■ YOUR OBJECTIVE:
Return an exact copy of the lines from the one holding "Серьги David Morris" to the end of the data, including both the starting and final lines. Leave the pictures out.

[Stored items from a collection]
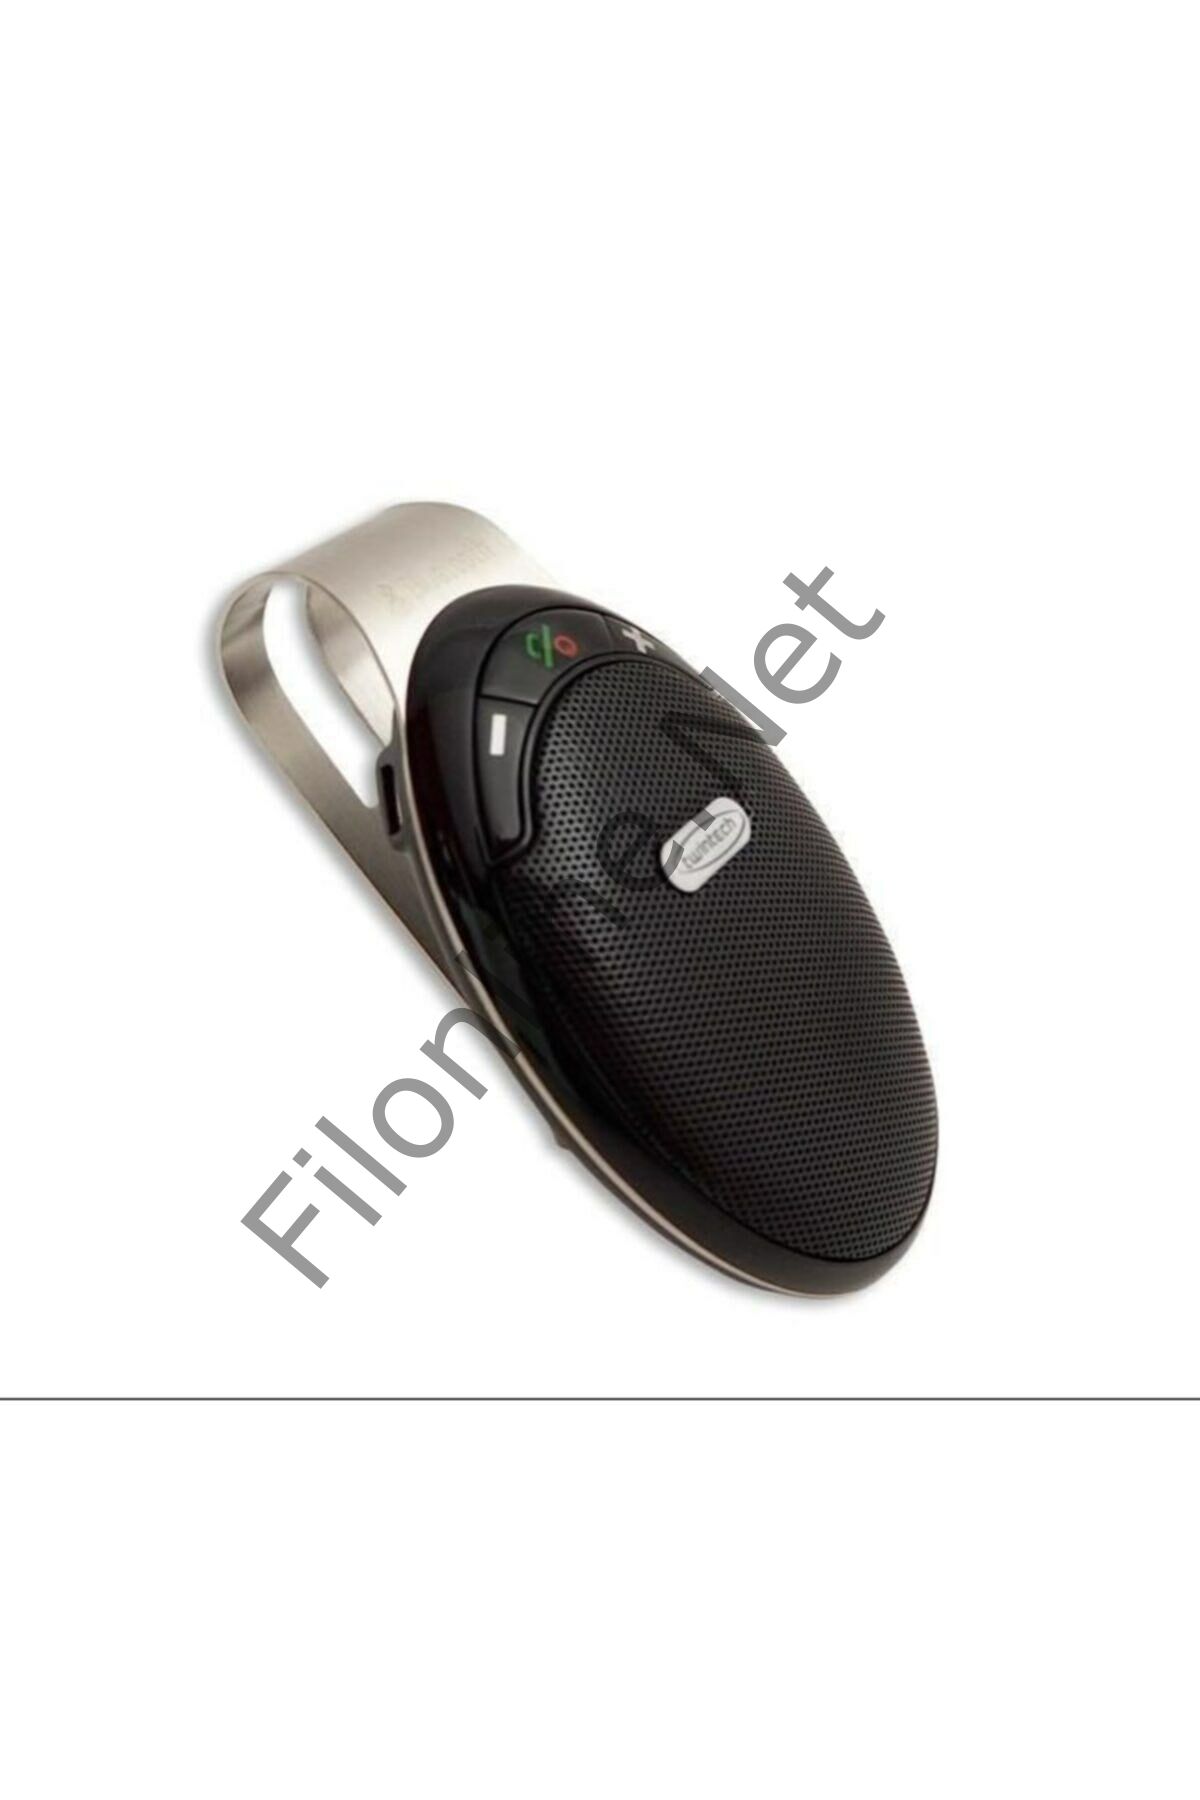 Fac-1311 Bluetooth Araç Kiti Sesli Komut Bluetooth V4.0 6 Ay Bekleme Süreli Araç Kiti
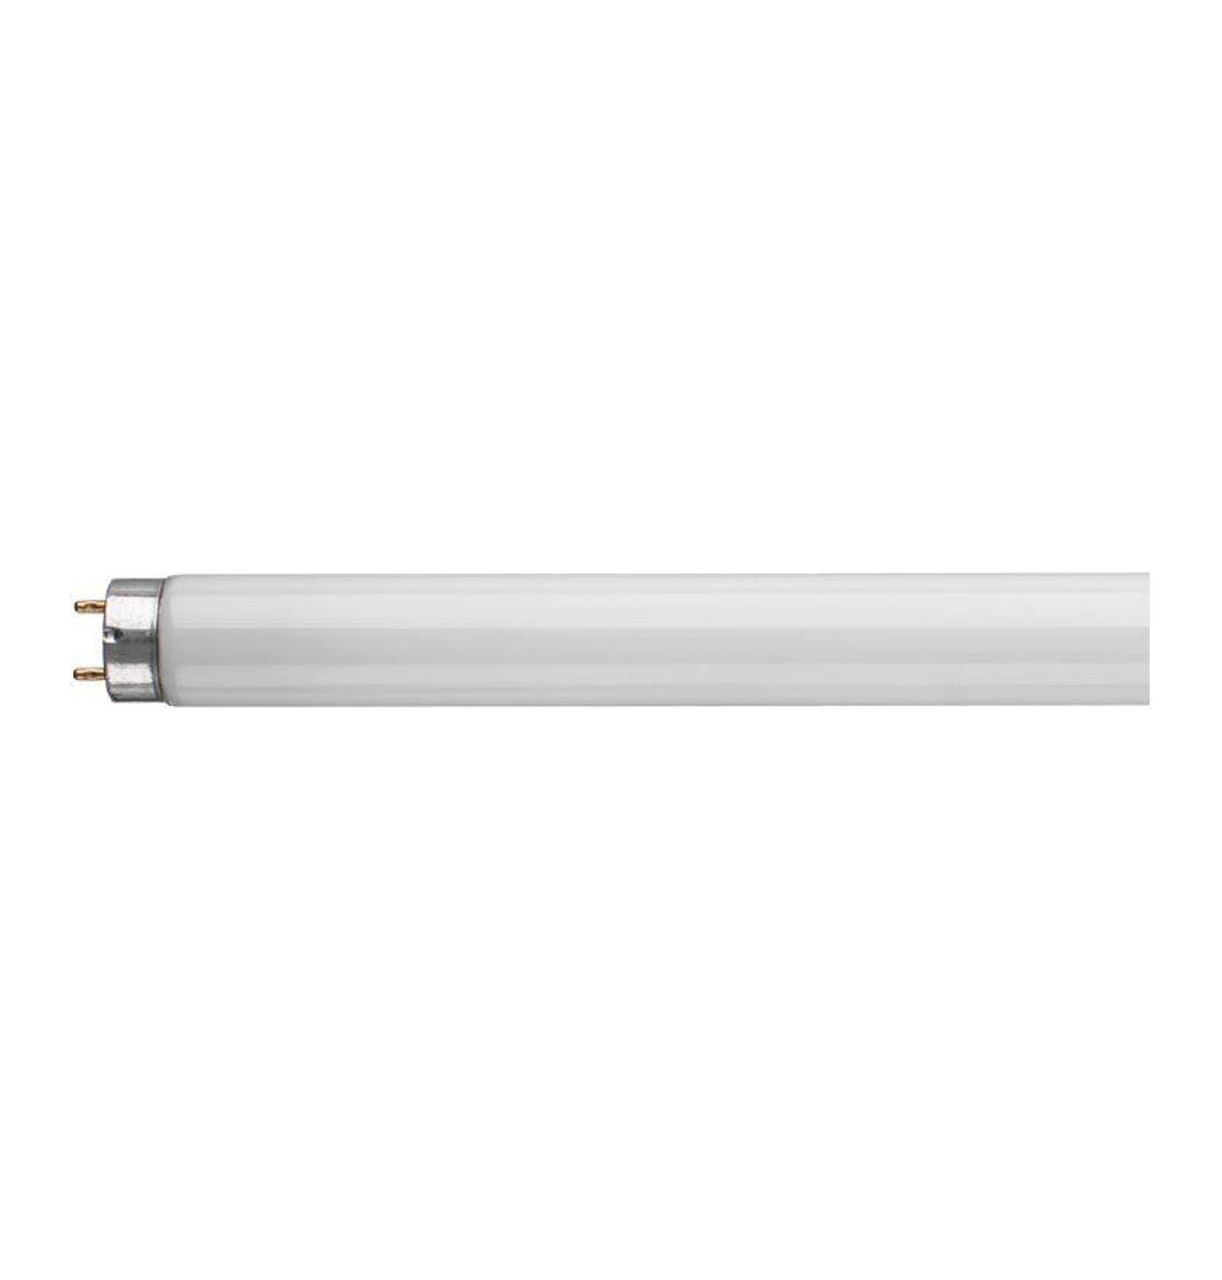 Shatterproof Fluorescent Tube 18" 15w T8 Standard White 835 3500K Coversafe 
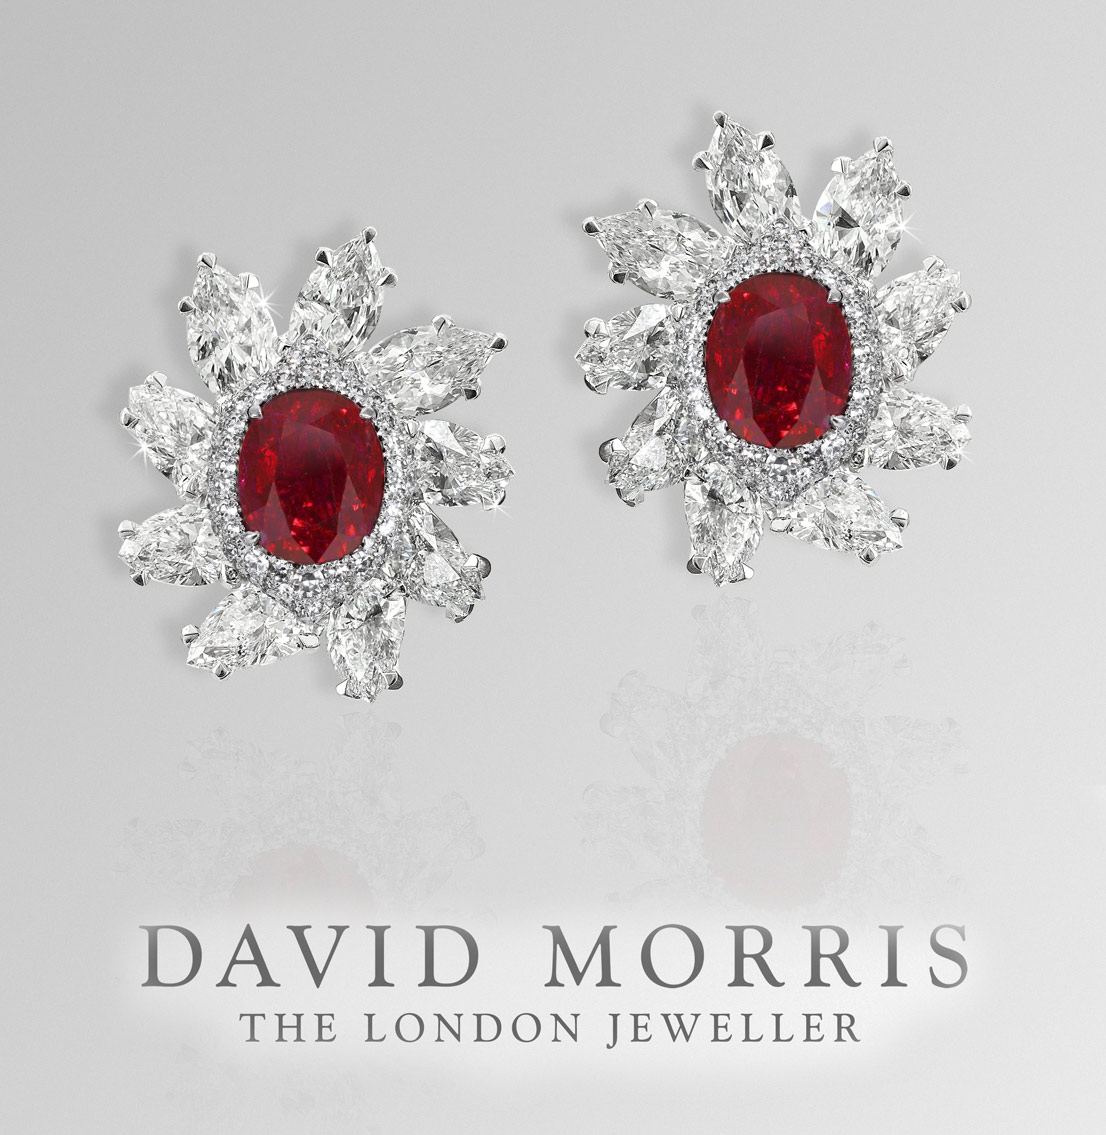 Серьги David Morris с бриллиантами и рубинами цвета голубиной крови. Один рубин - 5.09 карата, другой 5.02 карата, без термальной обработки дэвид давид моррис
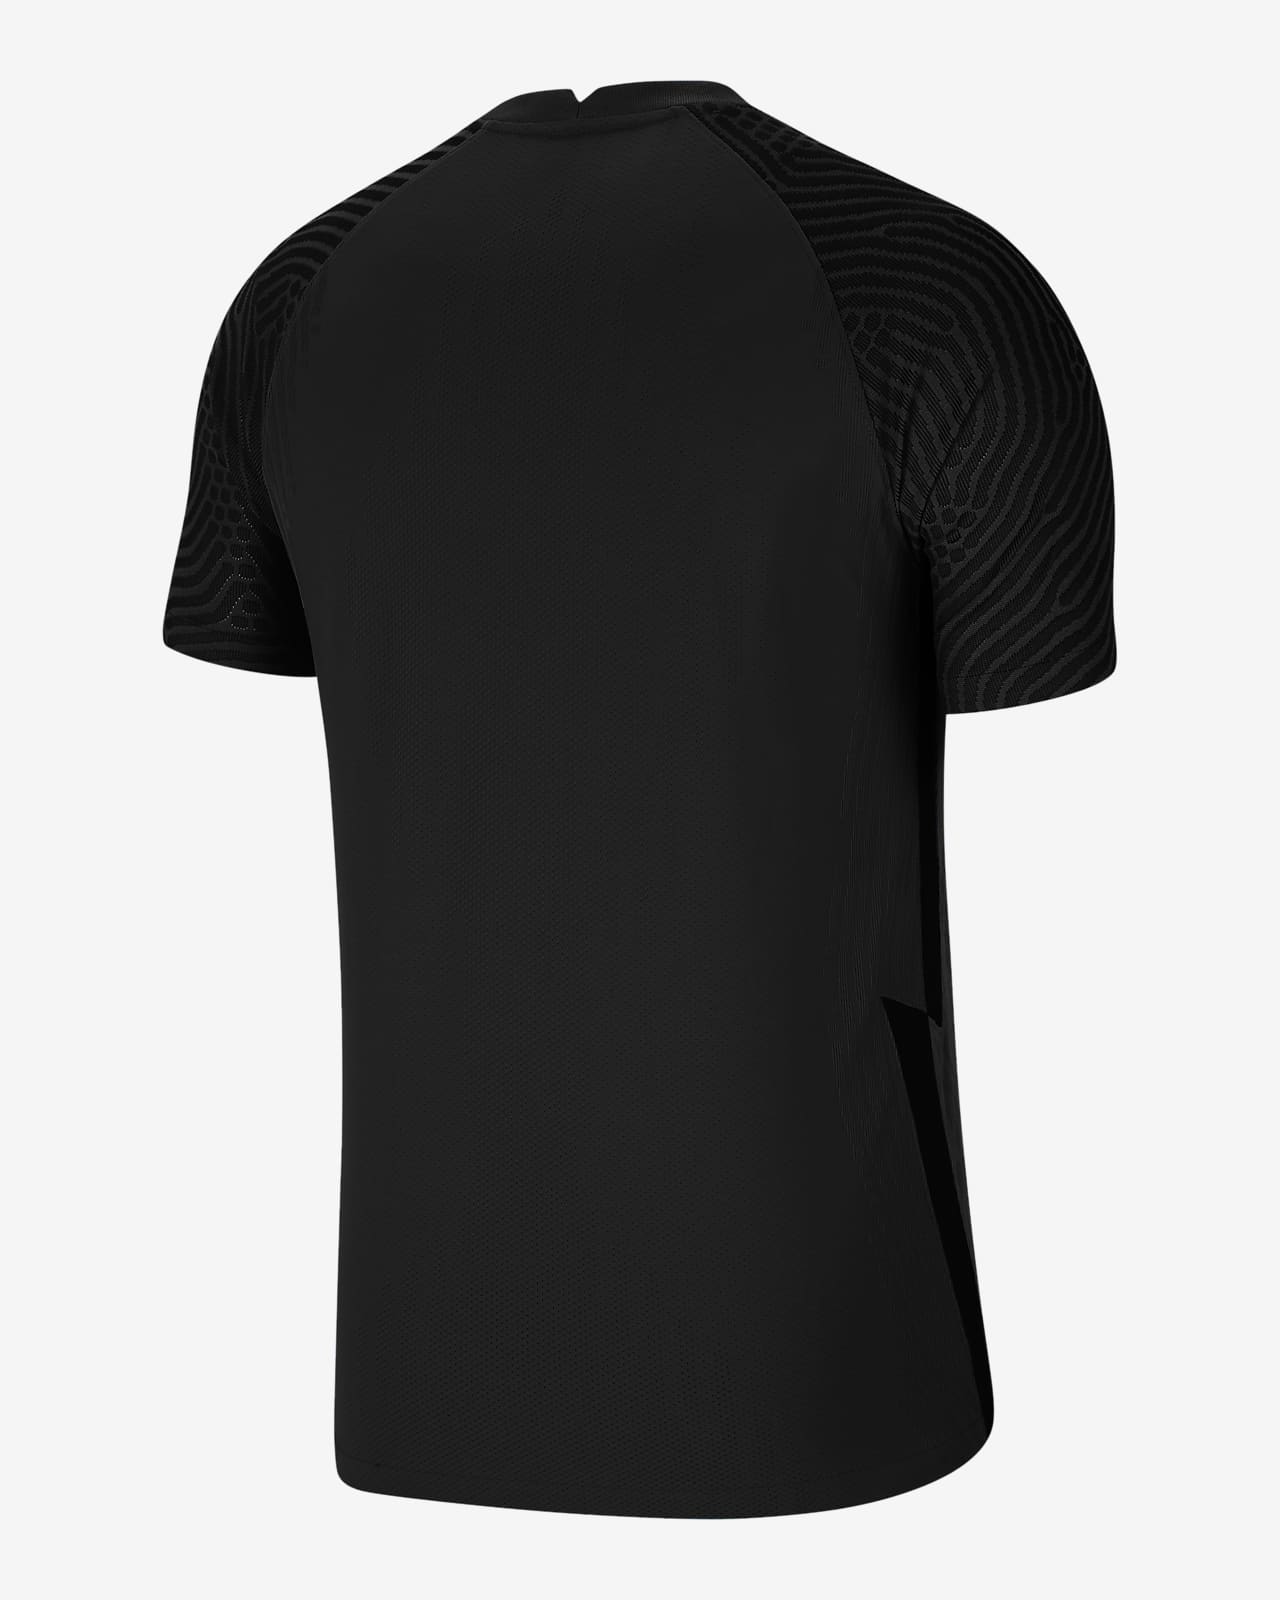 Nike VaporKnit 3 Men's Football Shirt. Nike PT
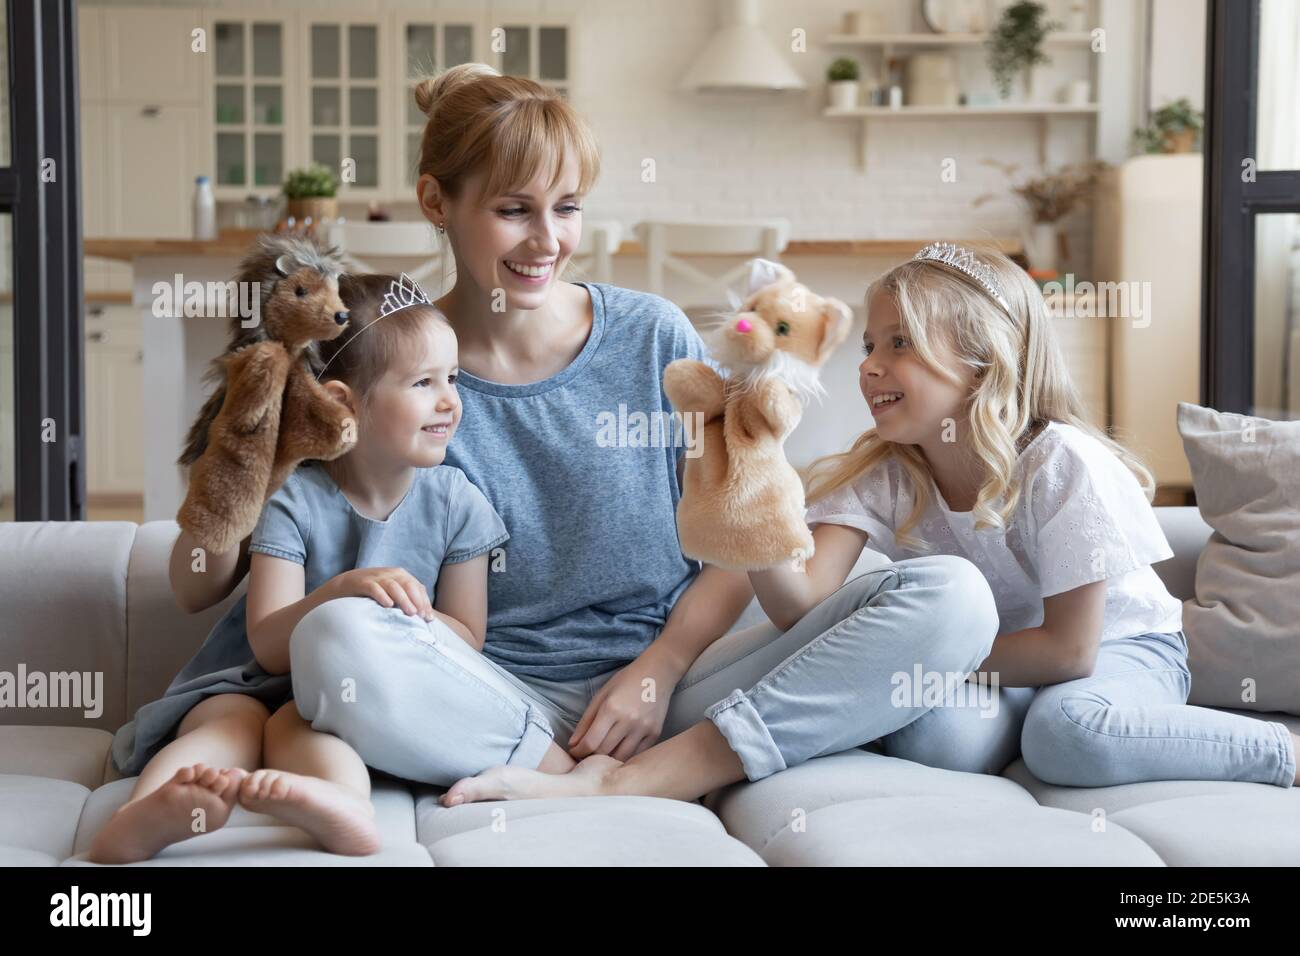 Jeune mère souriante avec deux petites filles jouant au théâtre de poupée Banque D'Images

■ EXERCISE SOLUTION:
 Серьги David Morris с бриллиантами и рубинами цвета голубиной крови. Один рубин - 5.09 карата, другой 5.02 карата, без термальной обработки дэвид давид моррис
 Nike VaporKnit 3 Men's Football Shirt. Nike PT
 Jeune mère souriante avec deux petites filles jouant au théâtre de poupée Banque D'Images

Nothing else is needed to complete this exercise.